--- Data extract ---
===============

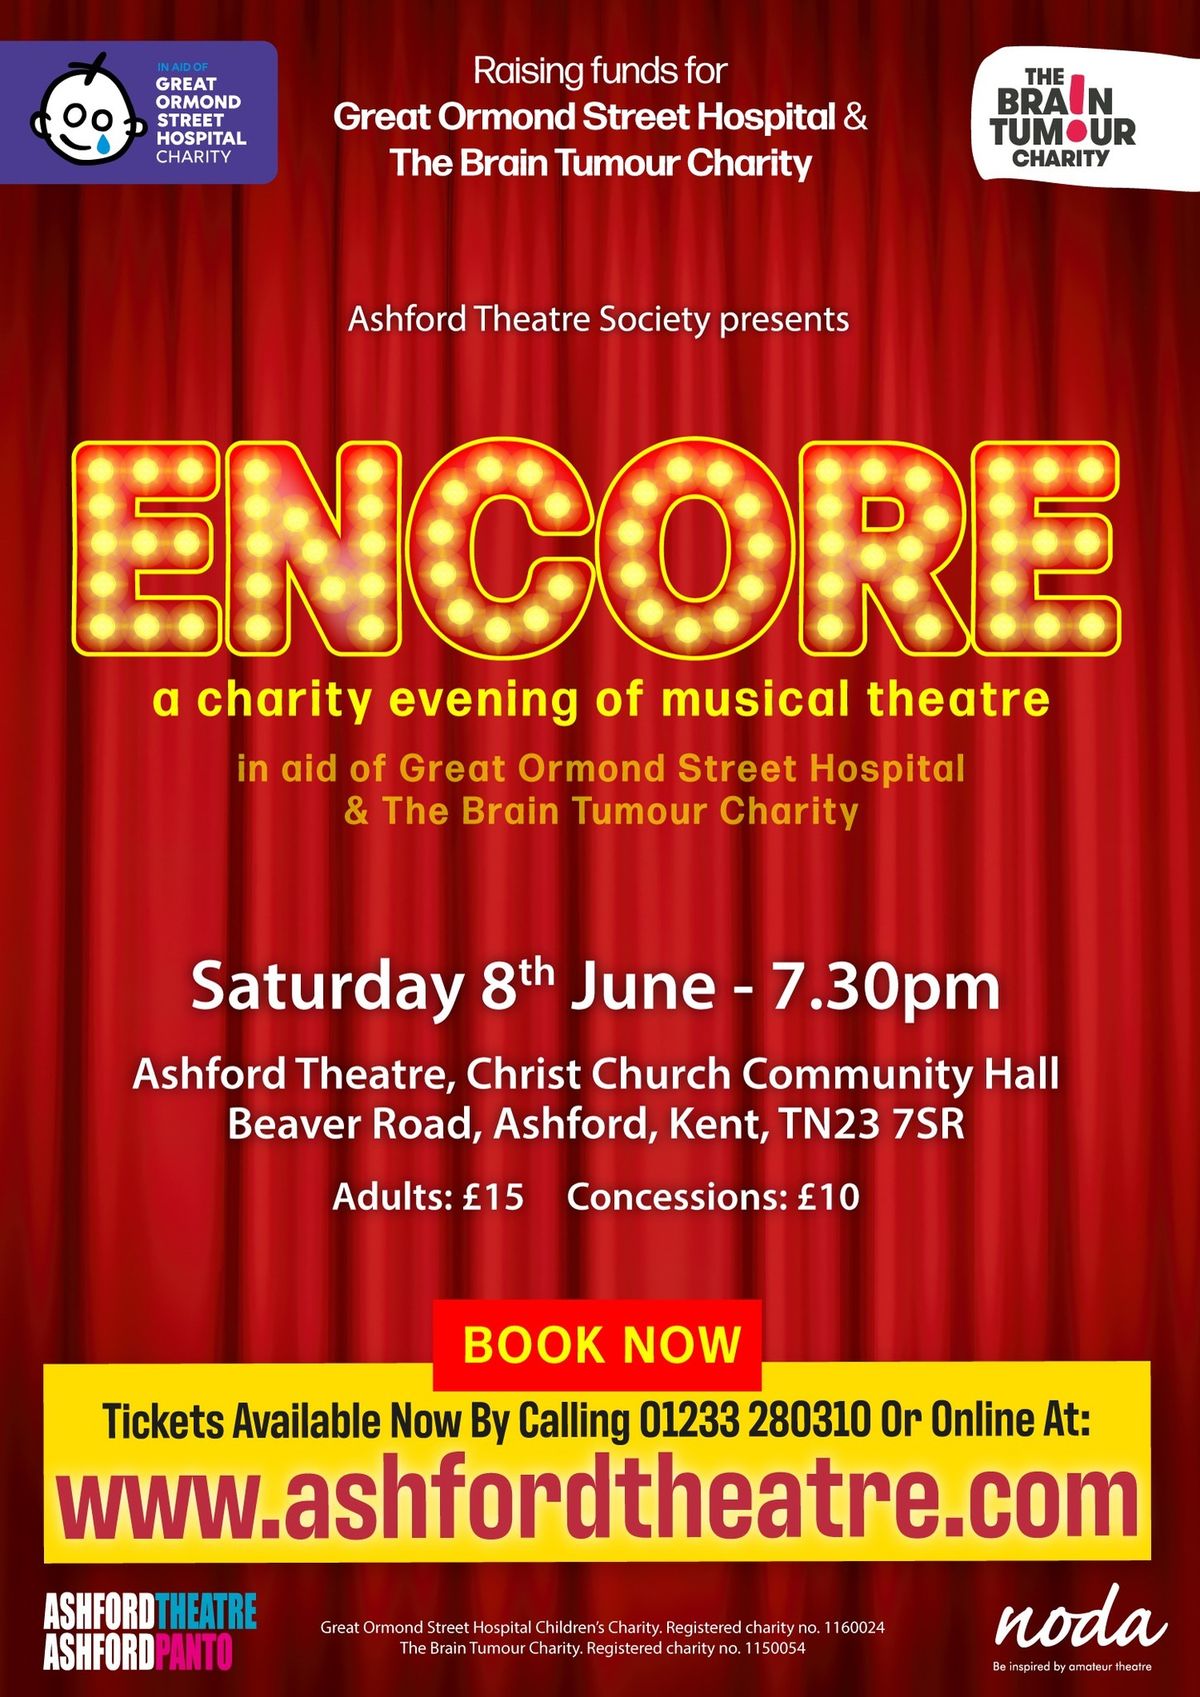 Encore - A charity evening of musical theatre
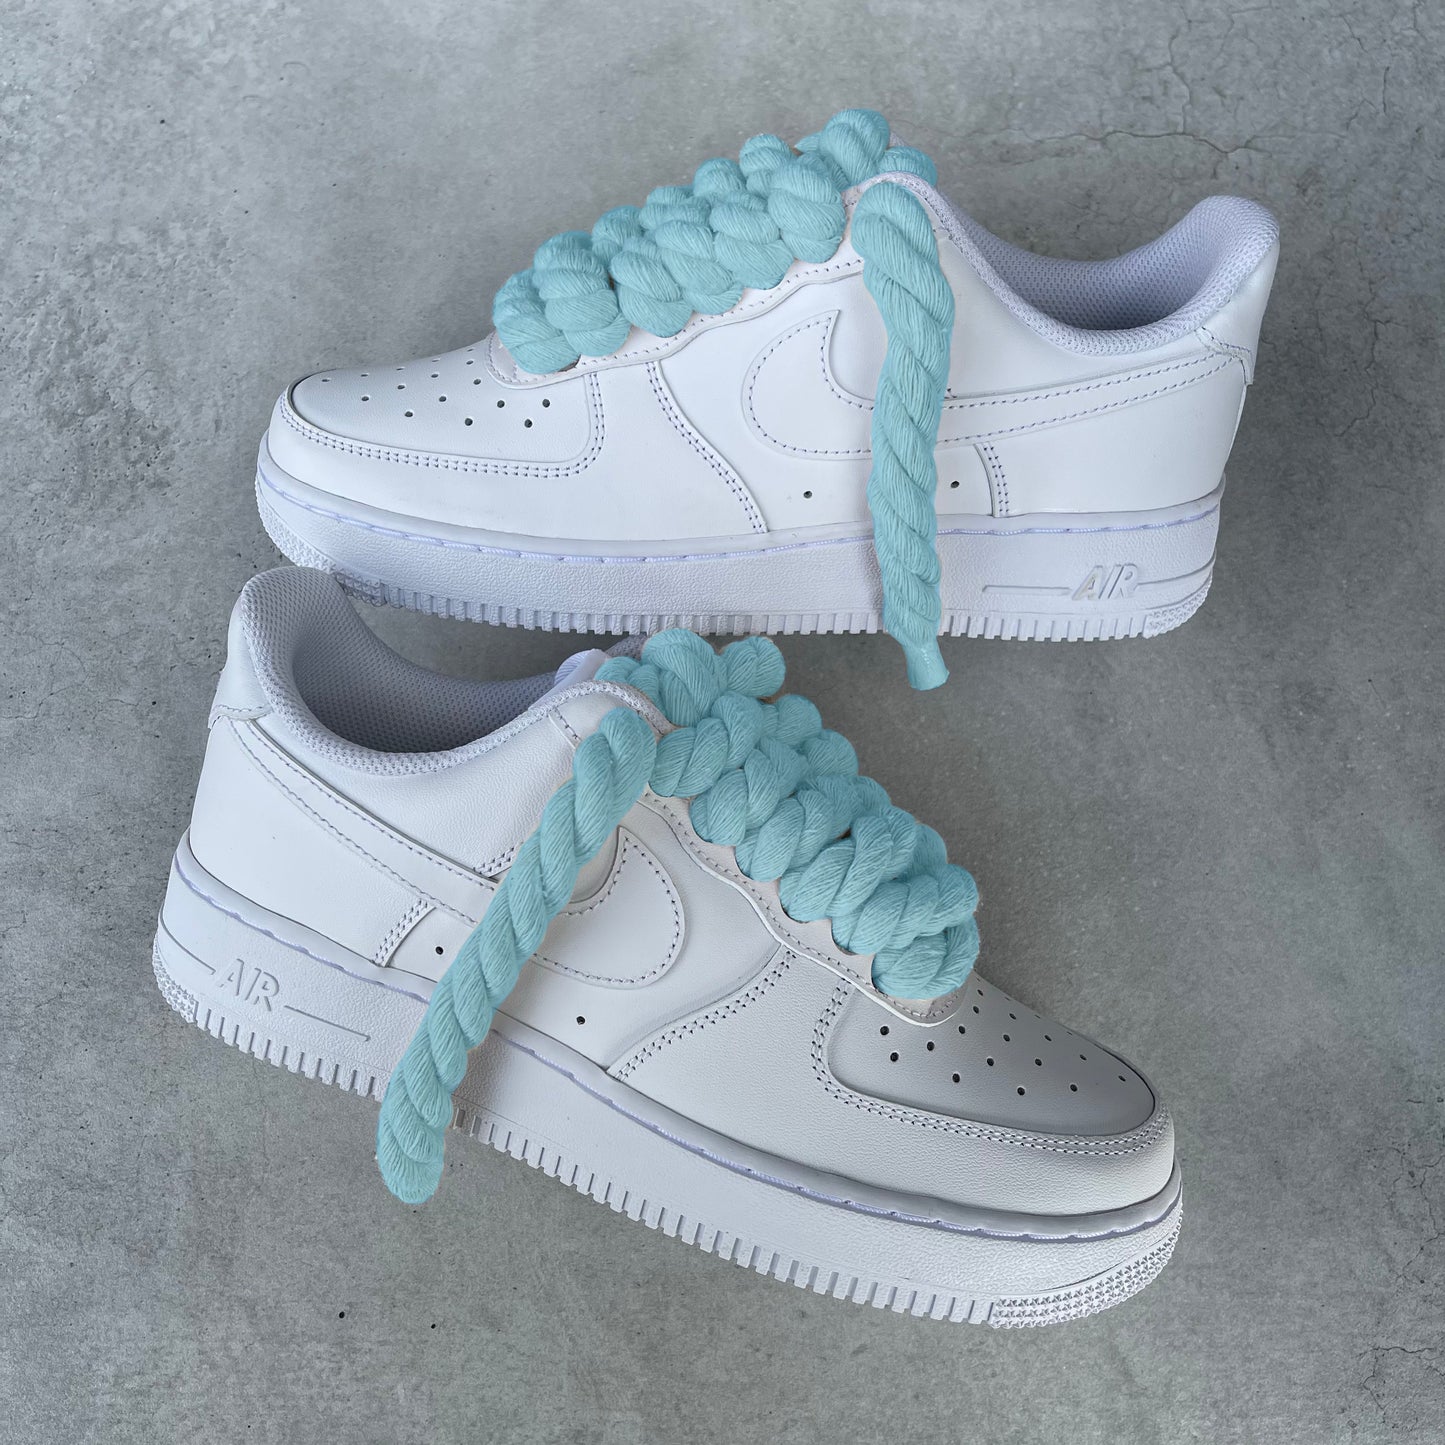 Copy of Custom AIR FORCE 1 - Rope laces (blue)
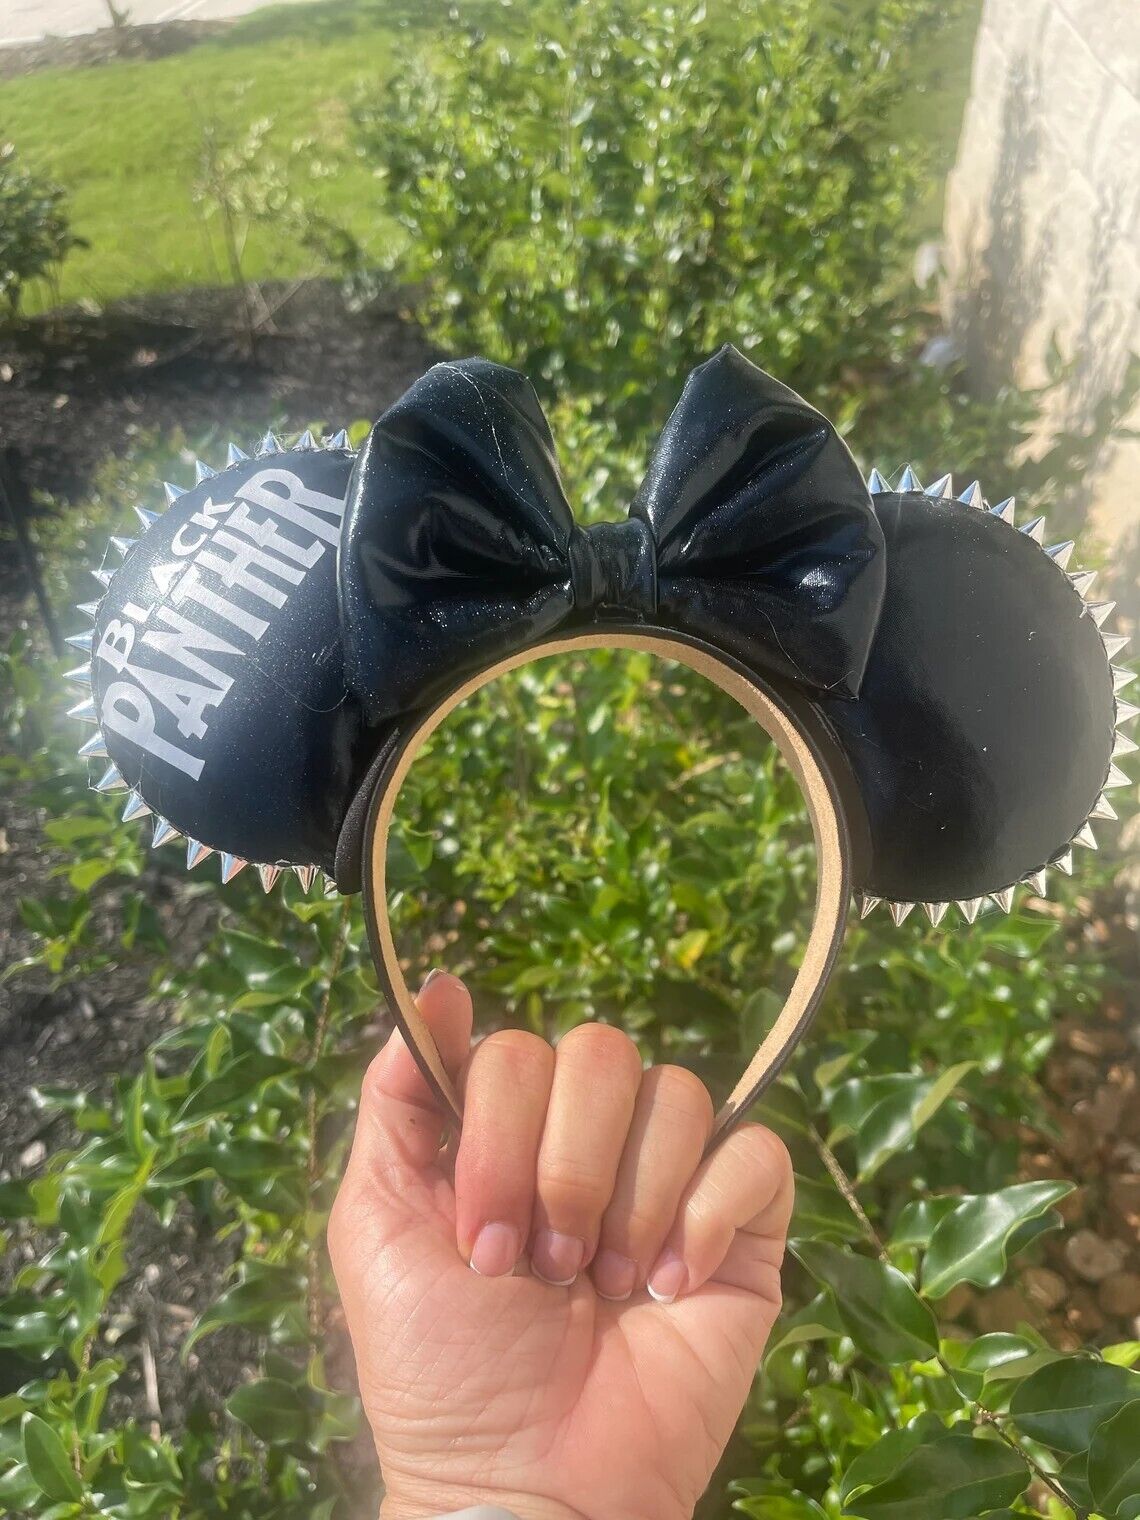 DIY Kit Black Panther Mickey Minnie Mouse ears sewing craft silver spikes
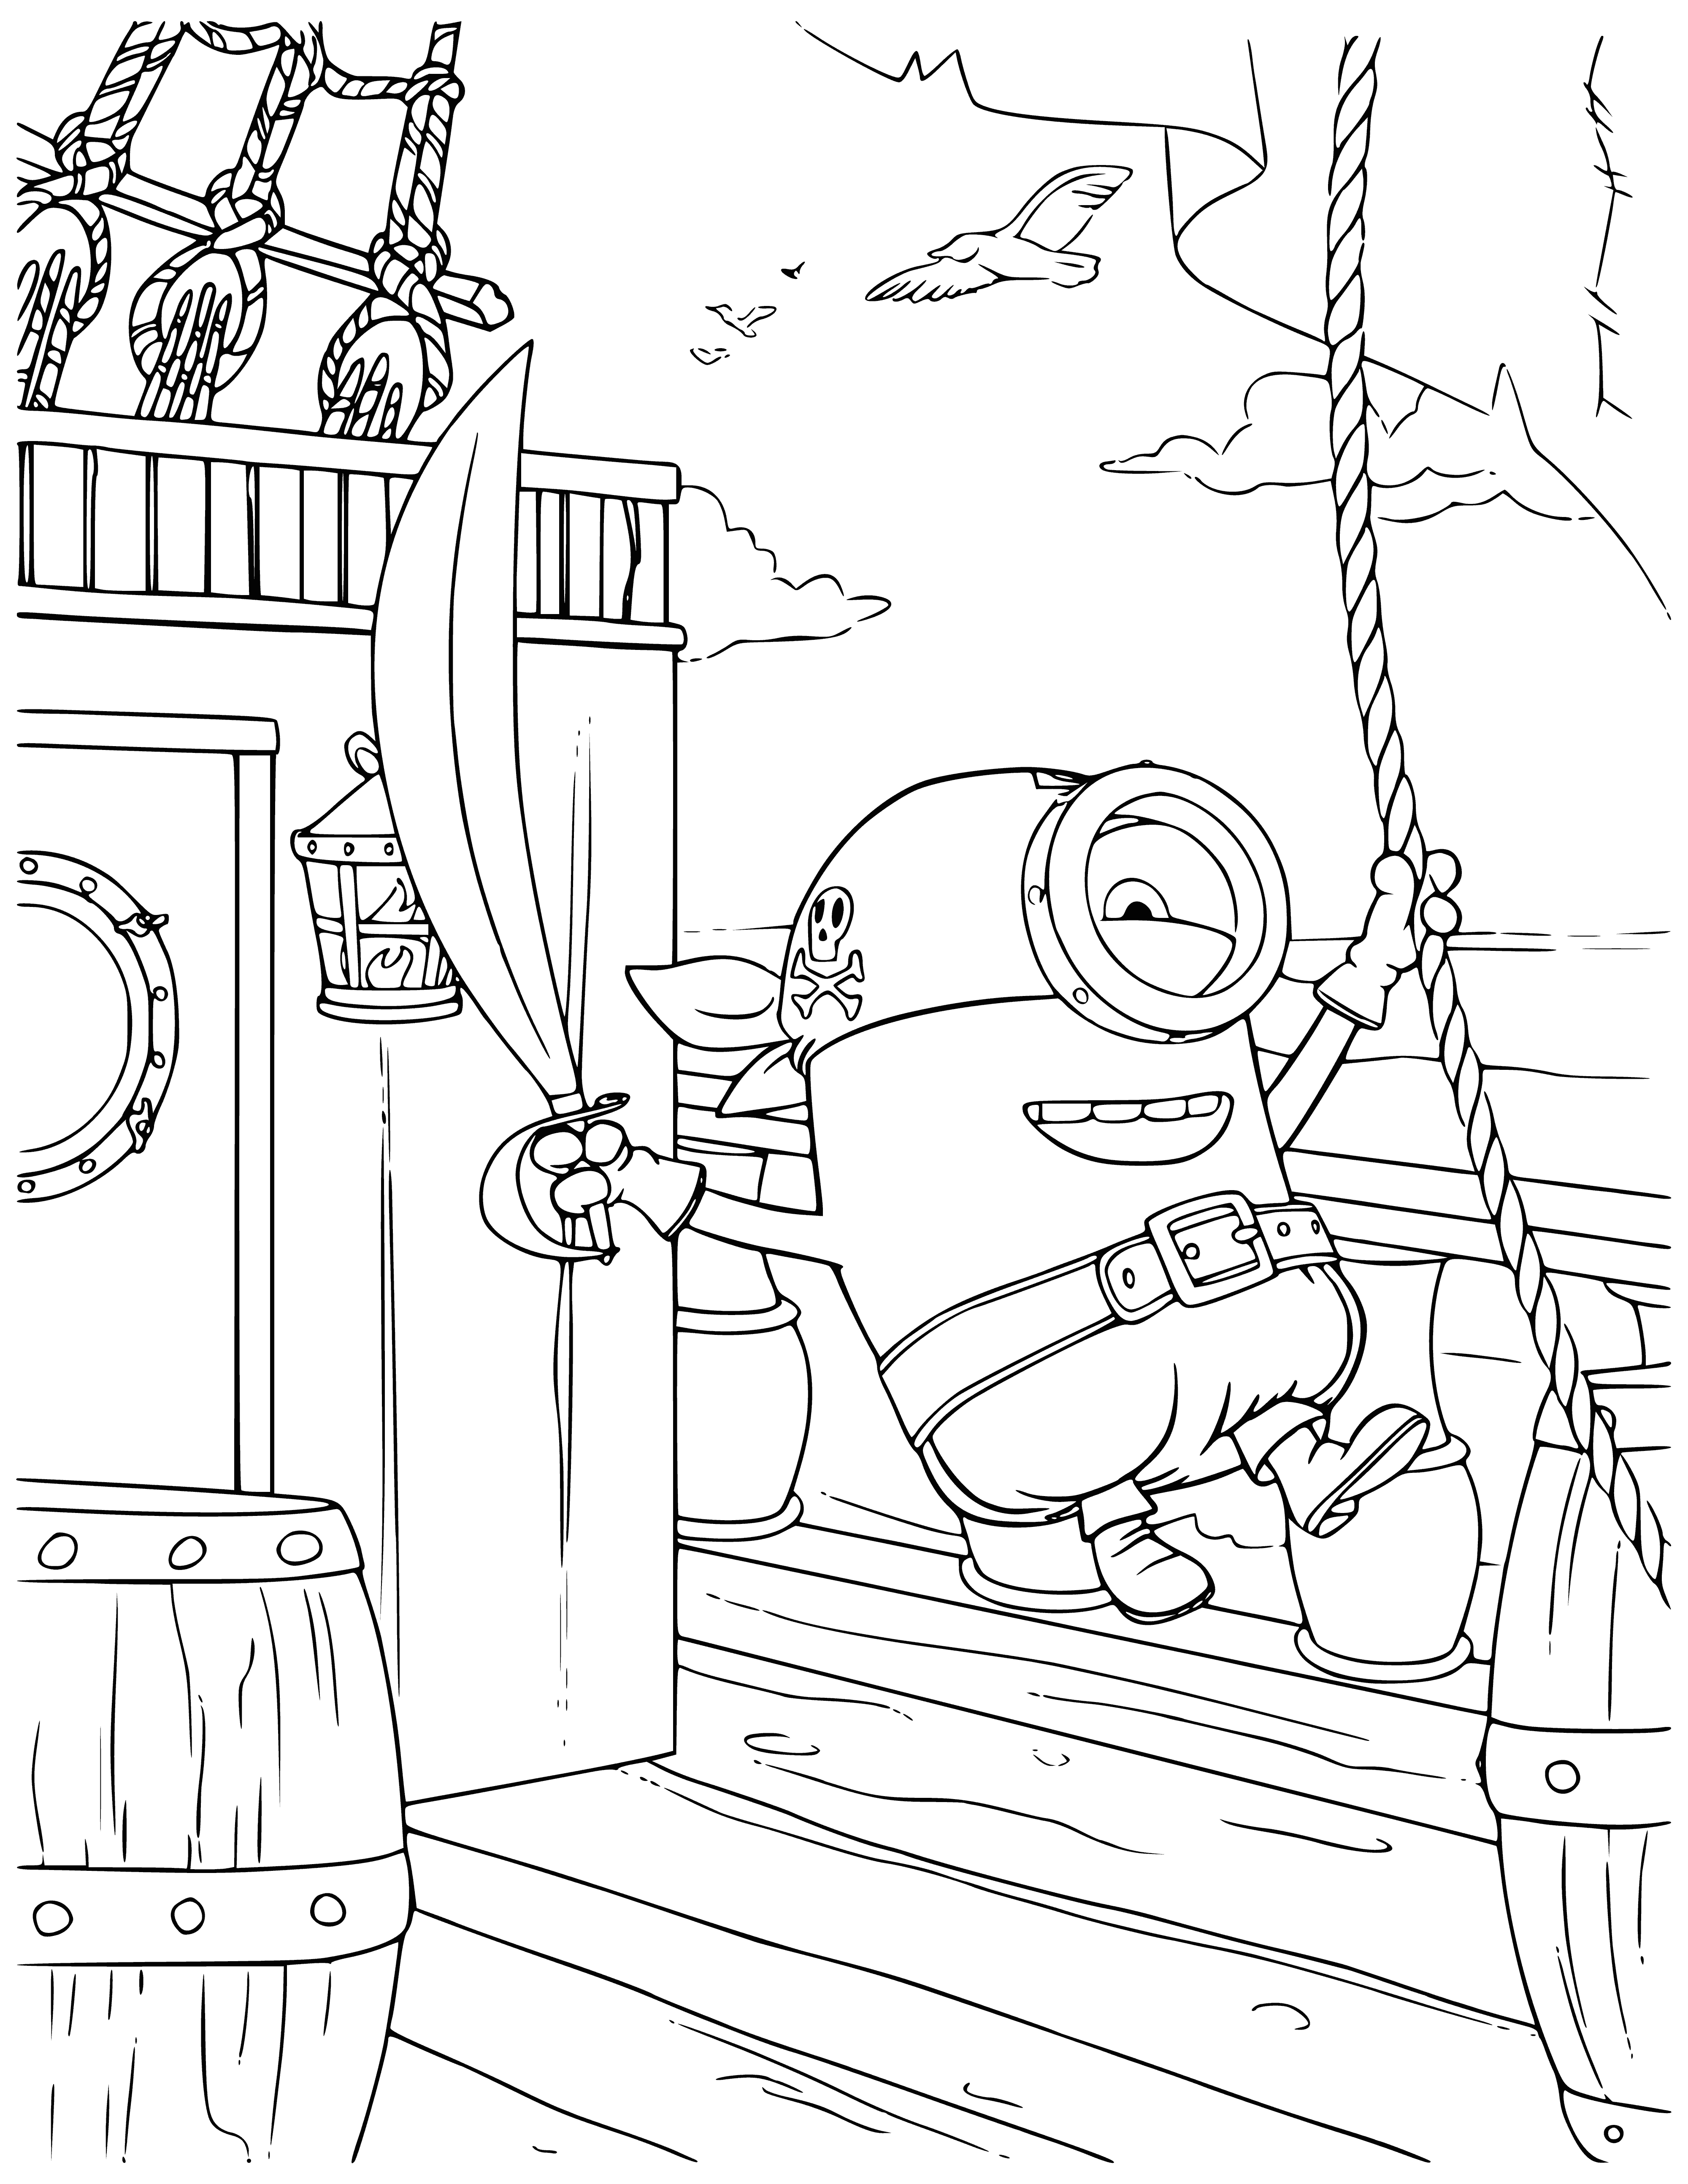 coloring page: A Minon with a mohawk, eye patch, red shirt and blue overalls stands with a sword ready, beside a treasure chest. #Minions #treasure

===============

--- Brief ---
Produce a verbatim copy of the listing, leaving out all pictures.

--- Exercise answer ---
 Encore - A charity evening of musical theatre
 Copy of Custom AIR FORCE 1 - Rope laces (blue)
 DIY Kit Black Panther Mickey Minnie Mouse ears sewing craft silver spikes
 coloring page: A Minon with a mohawk, eye patch, red shirt and blue overalls stands with a sword ready, beside a treasure chest. #Minions #treasure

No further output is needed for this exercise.